### [DATA SHOWN]
/---

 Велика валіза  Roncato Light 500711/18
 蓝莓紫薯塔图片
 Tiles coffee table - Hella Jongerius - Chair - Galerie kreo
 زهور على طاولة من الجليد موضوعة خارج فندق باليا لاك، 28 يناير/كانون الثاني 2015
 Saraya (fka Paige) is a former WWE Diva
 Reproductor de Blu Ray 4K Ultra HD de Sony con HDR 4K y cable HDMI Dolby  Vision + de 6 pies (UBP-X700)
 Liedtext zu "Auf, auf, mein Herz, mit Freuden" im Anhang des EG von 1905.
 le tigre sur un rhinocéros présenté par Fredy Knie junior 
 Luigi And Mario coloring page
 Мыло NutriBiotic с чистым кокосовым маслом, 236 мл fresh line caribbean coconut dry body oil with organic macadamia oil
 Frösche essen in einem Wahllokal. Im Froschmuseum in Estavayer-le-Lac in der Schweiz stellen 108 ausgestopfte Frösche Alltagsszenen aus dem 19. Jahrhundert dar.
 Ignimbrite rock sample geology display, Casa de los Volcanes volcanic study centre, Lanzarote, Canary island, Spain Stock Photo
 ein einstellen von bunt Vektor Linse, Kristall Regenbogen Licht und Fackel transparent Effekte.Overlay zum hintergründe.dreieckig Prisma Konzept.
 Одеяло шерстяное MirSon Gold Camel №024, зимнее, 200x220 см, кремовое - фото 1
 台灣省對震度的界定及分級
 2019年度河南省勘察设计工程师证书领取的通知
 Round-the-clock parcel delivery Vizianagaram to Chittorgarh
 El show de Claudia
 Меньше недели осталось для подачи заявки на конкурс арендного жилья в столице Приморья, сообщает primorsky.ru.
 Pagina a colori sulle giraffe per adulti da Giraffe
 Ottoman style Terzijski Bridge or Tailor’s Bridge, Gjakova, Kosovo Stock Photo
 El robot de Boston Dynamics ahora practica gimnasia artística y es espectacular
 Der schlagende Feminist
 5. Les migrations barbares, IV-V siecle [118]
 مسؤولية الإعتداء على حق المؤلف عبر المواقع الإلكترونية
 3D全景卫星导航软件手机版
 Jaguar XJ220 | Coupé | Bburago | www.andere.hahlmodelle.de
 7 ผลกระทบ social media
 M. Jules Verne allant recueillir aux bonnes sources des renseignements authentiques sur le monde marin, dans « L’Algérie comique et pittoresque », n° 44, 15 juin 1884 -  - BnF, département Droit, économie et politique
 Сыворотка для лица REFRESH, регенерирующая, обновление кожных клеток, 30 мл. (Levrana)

\---

### [WORK TO COMPLETE]
From the first line of the records above to the line that contains "Ignimbrite rock sample", quote each line exactly.

### [TASK ANSWER]
 Велика валіза  Roncato Light 500711/18
 蓝莓紫薯塔图片
 Tiles coffee table - Hella Jongerius - Chair - Galerie kreo
 زهور على طاولة من الجليد موضوعة خارج فندق باليا لاك، 28 يناير/كانون الثاني 2015
 Saraya (fka Paige) is a former WWE Diva
 Reproductor de Blu Ray 4K Ultra HD de Sony con HDR 4K y cable HDMI Dolby  Vision + de 6 pies (UBP-X700)
 Liedtext zu "Auf, auf, mein Herz, mit Freuden" im Anhang des EG von 1905.
 le tigre sur un rhinocéros présenté par Fredy Knie junior 
 Luigi And Mario coloring page
 Мыло NutriBiotic с чистым кокосовым маслом, 236 мл fresh line caribbean coconut dry body oil with organic macadamia oil
 Frösche essen in einem Wahllokal. Im Froschmuseum in Estavayer-le-Lac in der Schweiz stellen 108 ausgestopfte Frösche Alltagsszenen aus dem 19. Jahrhundert dar.
 Ignimbrite rock sample geology display, Casa de los Volcanes volcanic study centre, Lanzarote, Canary island, Spain Stock Photo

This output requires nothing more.